Лаврентий Павлович Берия в тот самый день февраля, когда Эренбург боялся у окошка, своими ощущениями поделиться с Ильей Григорьевичем не смог бы, – уж больно они, ощущения, были схожими. Берия боялся – точно так же. Уж кто-кто, а он твердо знал, что пришел и его черед, – так бычок или хрячок, который водит собратьев и сосестер по территории бойни к месту, где их – того-с, однажды ощущает, что сегодня и его – чик-так-сказать-чирик по причинам, от него не зависящим, теряет бодрость, выглядит квелым, а те-кто-решает и впрямь осознают – пора и старому приятелю копыта отбросить, загулялся, – «пора, мой друг, пора». Et cetera. Кроме общего для всех людей его уровня «пора», «пора» как «видному деятелю Коммунистической партии и Советского государства», Берии было пора именно в этот заход и потому, что его мать была еврейкой, так что совокупное восприятие его фигуры вождем народов назвать радужным или хотя бы радушным никак не выходило (Сталин так произносил – «радушжная встрэча»), – Лаврентий Павлович представлял себе свое положение в виде блекнущего негатива на кинопленке, которую вот-вот смоют для вечных скорбных нужд отечественной фото– и кинопромышленности.
Эренбург мог только трепаться и время от времени свою трепотню подробно записывать, а Берия умел соображать, причем записей о своих соображениях предпочитал не вести.

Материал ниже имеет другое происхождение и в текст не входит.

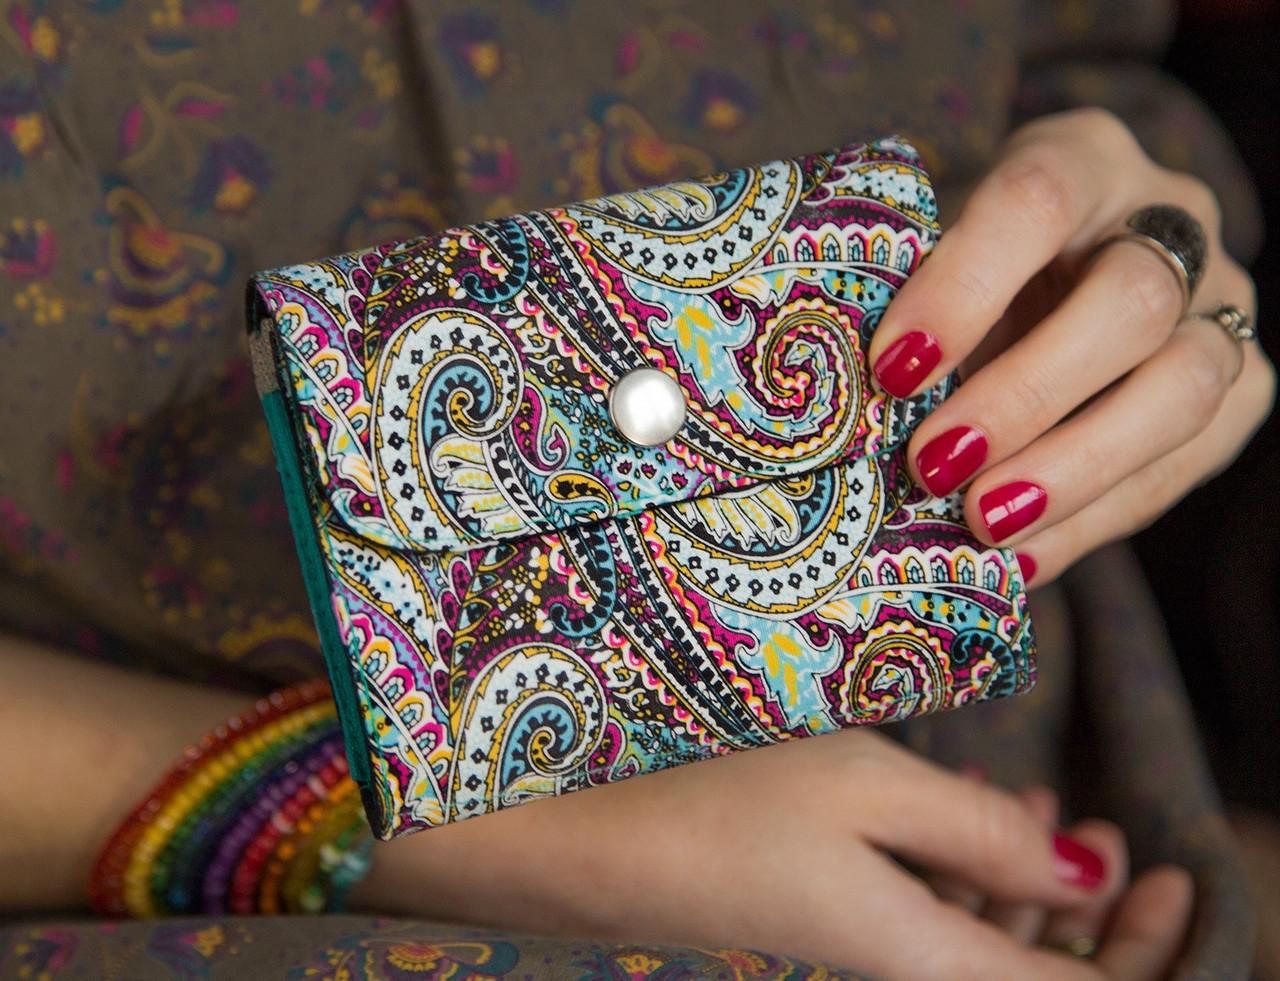 af7bb757b3b8 Женский кошелек ручной работы необычного цвета «Тысяча и Одна Ночь» -  Патриотический интернет-

Маленков был способен хорошо исполнять то, что велено. Именно поэтому пару дней назад, зная все подробности «готовящихся решений» от своих людей в аппарате МГБ, Лаврентий Павлович решил, что «пора» не только ему, а если все удачно сложится, то и совсем не ему, а кое-кому еще; других вариантов не было, не было – и все тут, а значит – надо, ну а уж что касается заповедей – в следовании Божьим заветам, принесенным спустившимся с горы Синай Моисеем, и новозаветной морали, изложенной Иисусом в Нагорной проповеди, потомственного горца Берию никто злокозненно укорить не посмел бы. Да уж…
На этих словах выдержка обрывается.